1856. Maximum Subarray Min-Product

• Time: $O(n)$
• Space: $O(n)$

C++JavaPython

class Solution {
 public:
  int maxSumMinProduct(vector<int>& nums) {
    constexpr int kMod = 1'000'000'007;
    long ans = 0;
    stack<int> stack;
    vector<long> prefix(nums.size() + 1);

    for (int i = 0; i < nums.size(); ++i)
      prefix[i + 1] = prefix[i] + nums[i];

    for (int i = 0; i <= nums.size(); ++i) {
      while (!stack.empty() &&
             (i == nums.size() || nums[stack.top()] > nums[i])) {
        const int minVal = nums[stack.top()];
        stack.pop();
        const long sum =
            stack.empty() ? prefix[i] : prefix[i] - prefix[stack.top() + 1];
        ans = max(ans, minVal * sum);
      }
      stack.push(i);
    }

    return ans % kMod;
  }
};

class Solution {
  public int maxSumMinProduct(int[] nums) {
    final int kMod = 1_000_000_007;
    long ans = 0;
    Deque<Integer> stack = new ArrayDeque<>();
    long[] prefix = new long[nums.length + 1];

    for (int i = 0; i < nums.length; ++i)
      prefix[i + 1] = prefix[i] + nums[i];

    for (int i = 0; i <= nums.length; ++i) {
      while (!stack.isEmpty() && (i == nums.length || nums[stack.peek()] > nums[i])) {
        final int minVal = nums[stack.pop()];
        final long sum = stack.isEmpty() ? prefix[i] : prefix[i] - prefix[stack.peek() + 1];
        ans = Math.max(ans, minVal * sum);
      }
      stack.push(i);
    }

    return (int) (ans % kMod);
  }
}

class Solution:
  def maxSumMinProduct(self, nums: list[int]) -> int:
    ans = 0
    stack = []
    prefix = list(itertools.accumulate(nums, initial=0))

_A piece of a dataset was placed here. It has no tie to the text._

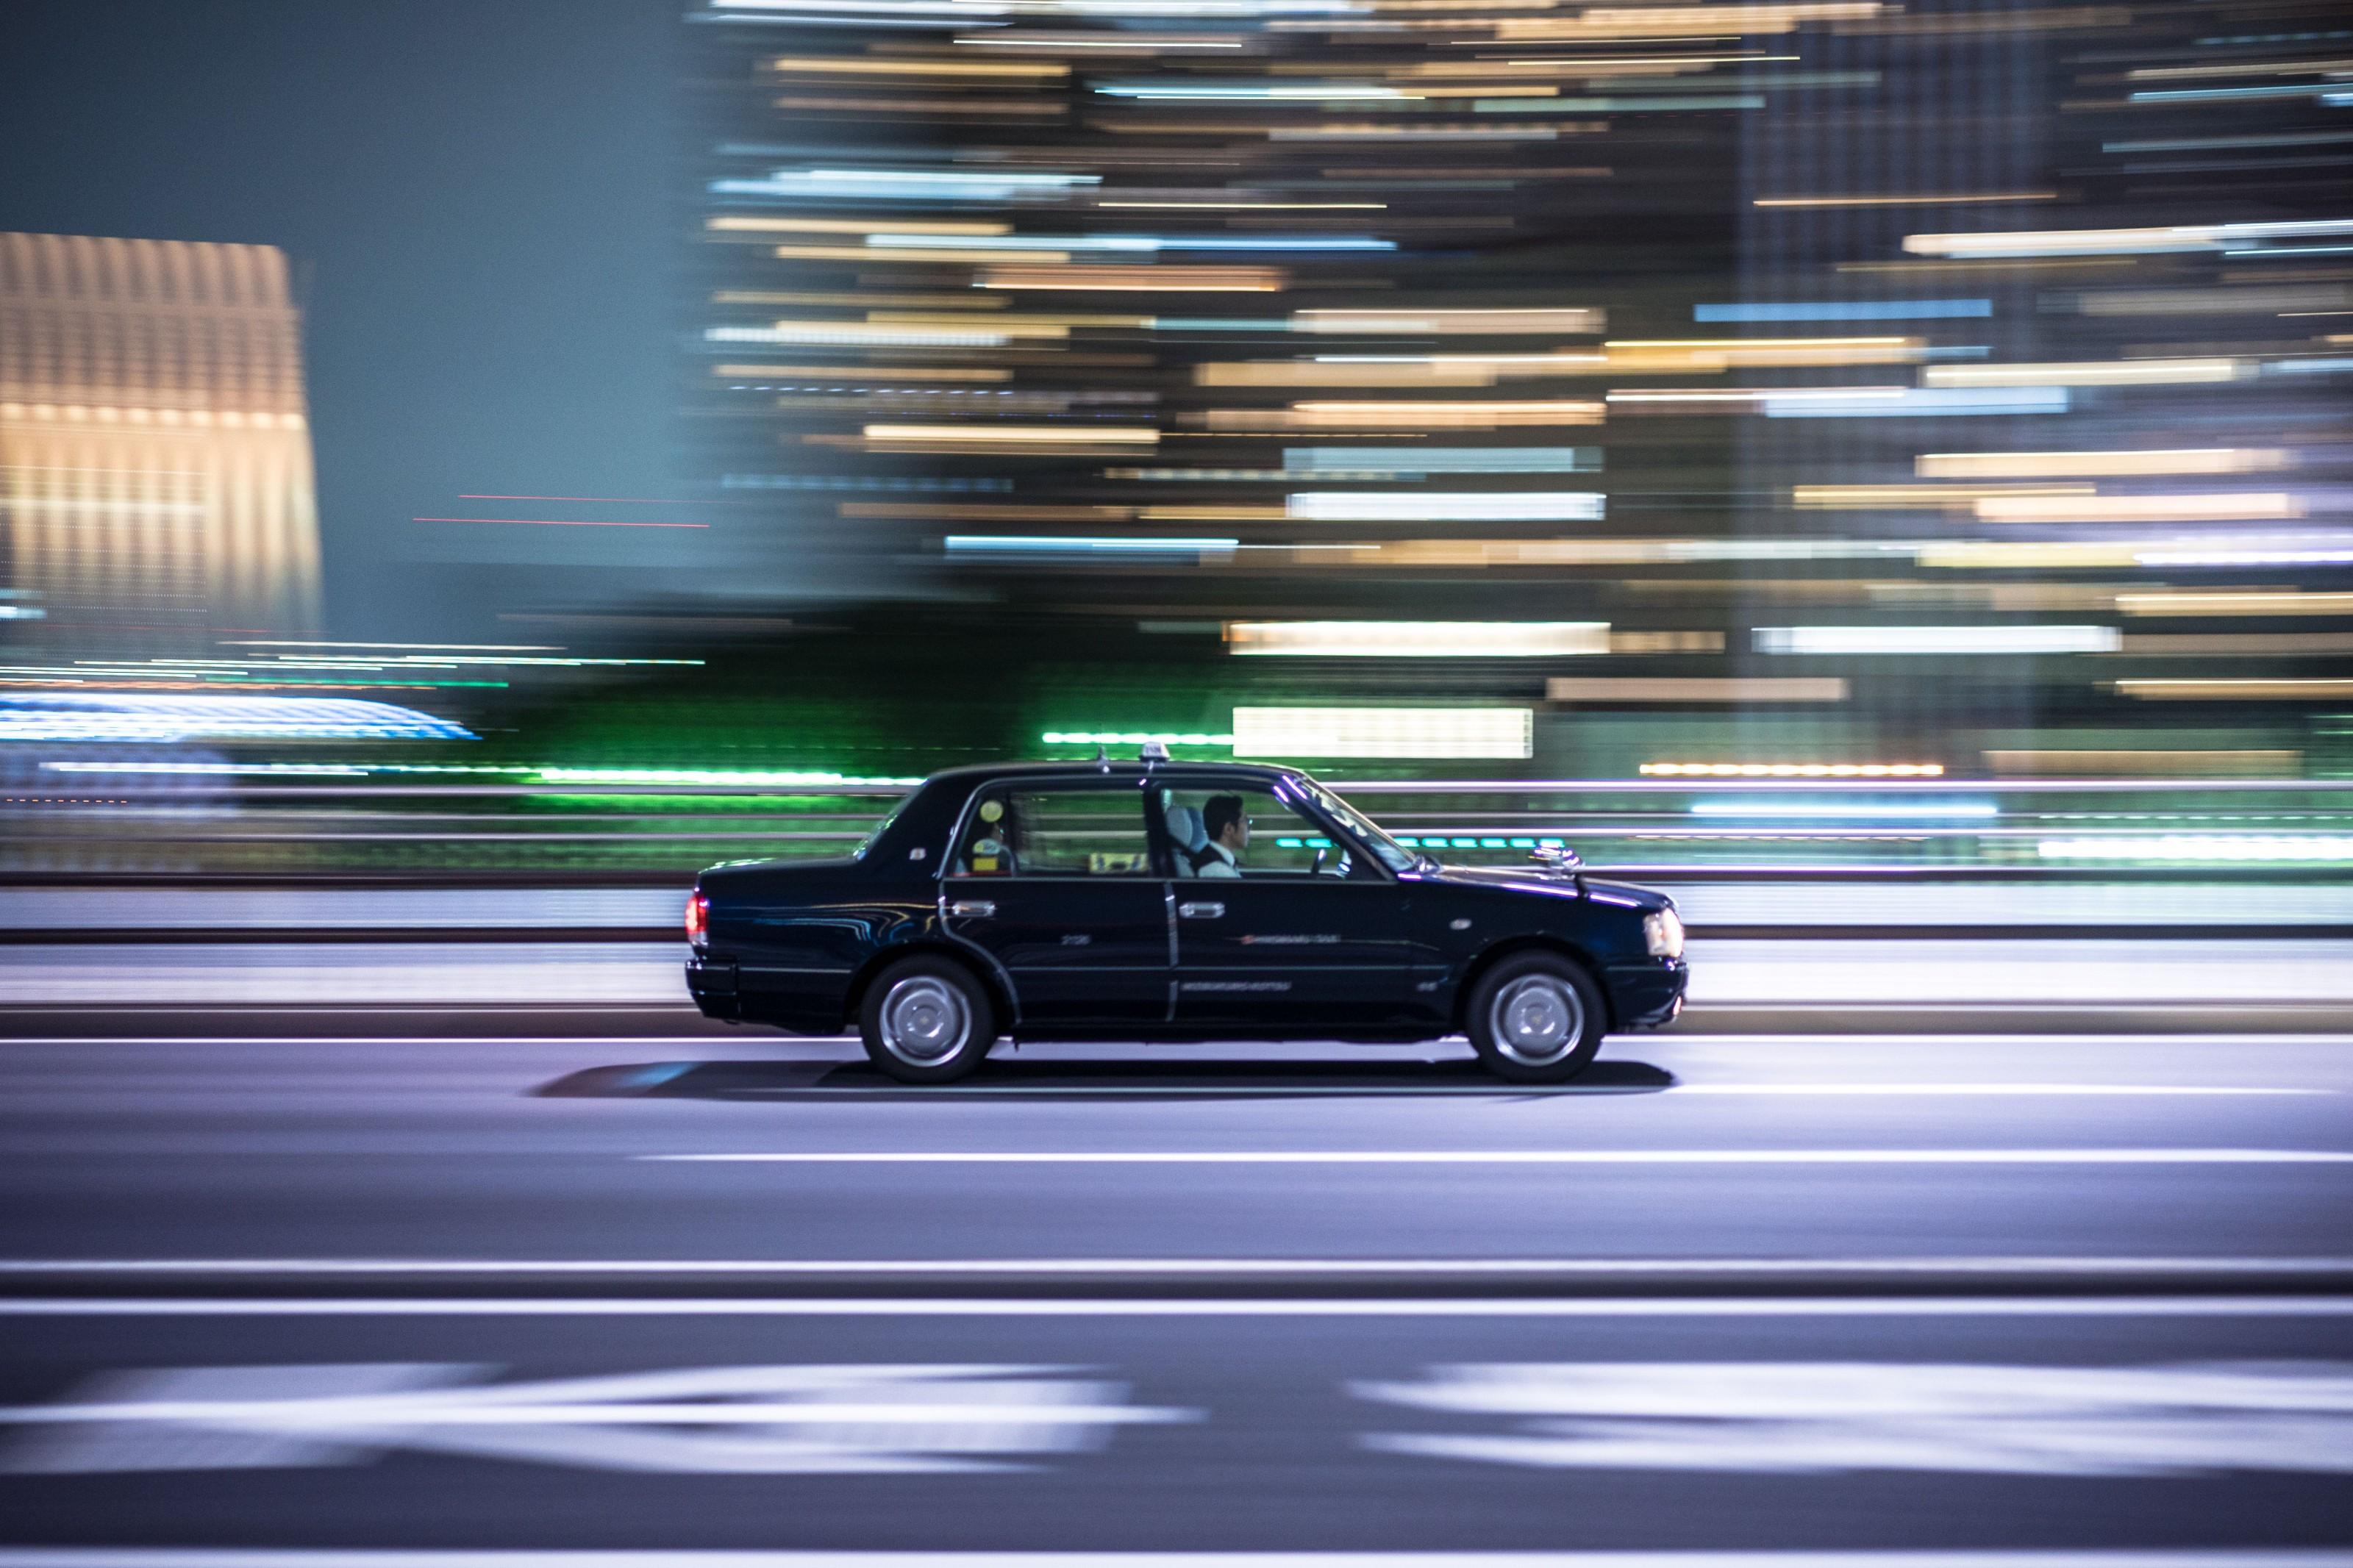 Tokio-Taxi
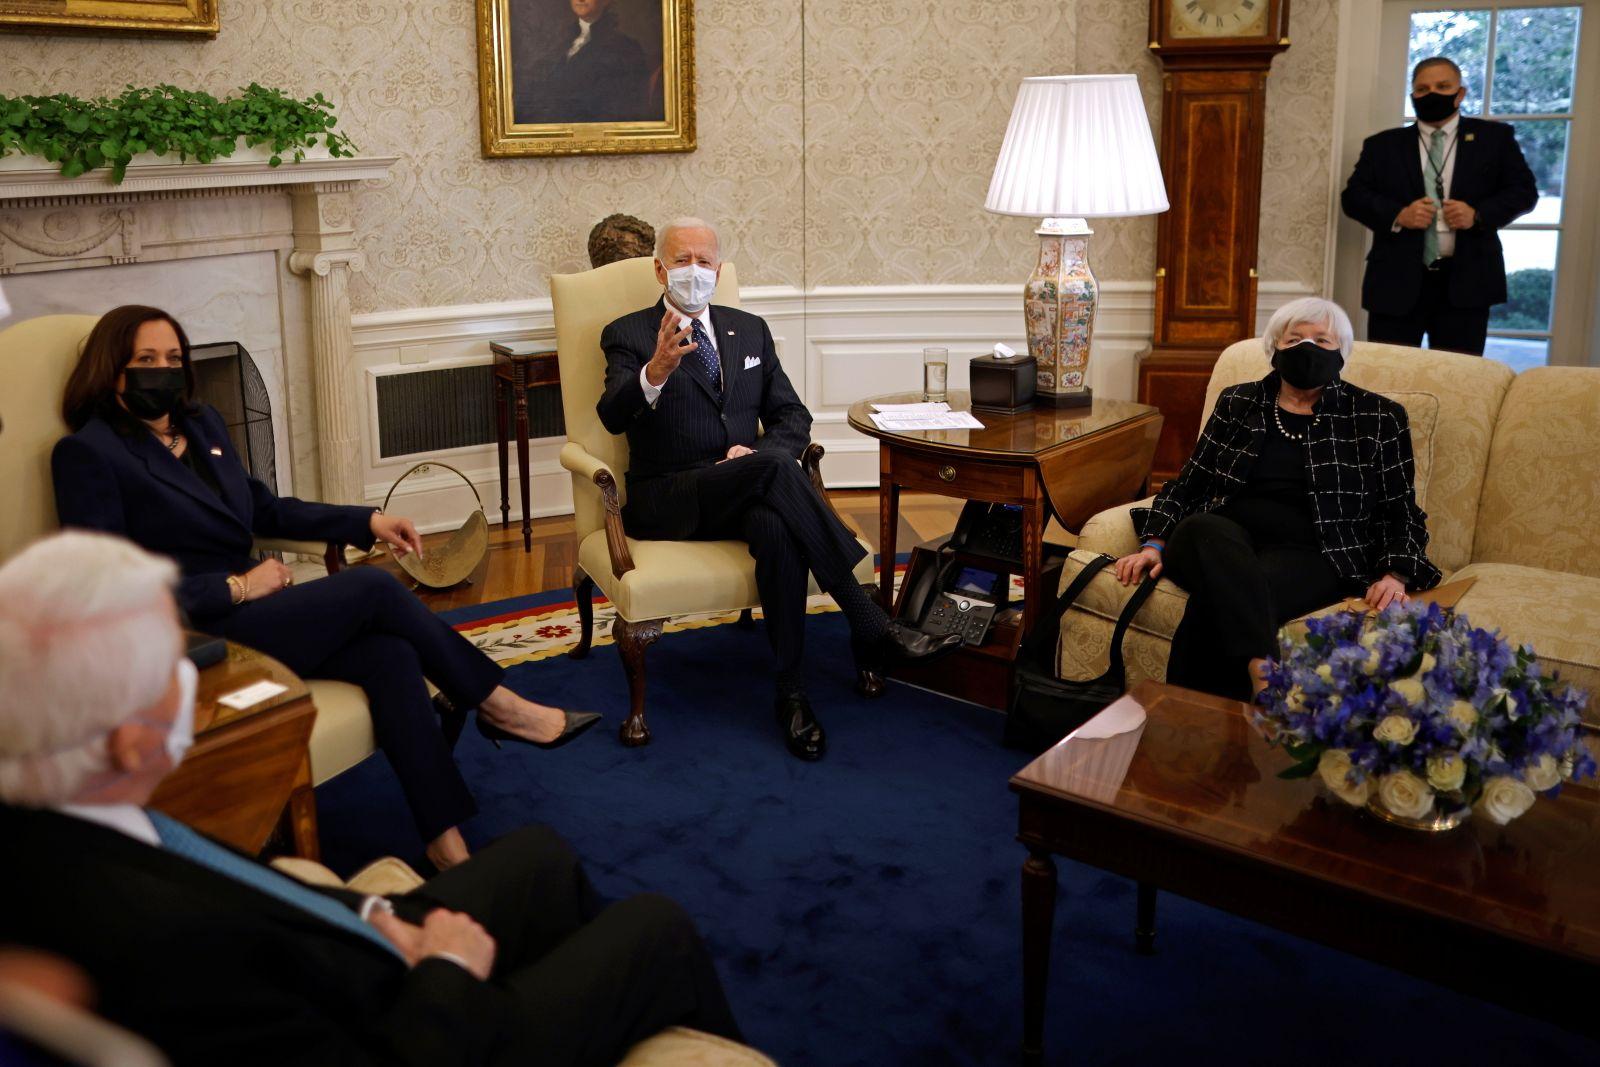 U.S. President Joe Biden and U.S. Vice President Kamala Harris, accompanied by U.S. Treasury Secretary Janet Yellen attend a meeting business leaders at the Oval Office of the White House in Washington, U.S.

    for i in range(len(nums) + 1):
      while stack and (i == len(nums) or nums[stack[-1]] > nums[i]):
        minVal = nums[stack.pop()]
        summ = prefix[i] - prefix[stack[-1] + 1] if stack else prefix[i]
        ans = max(ans, minVal * summ)
      stack.append(i)

    return ans % int(1e9 + 7)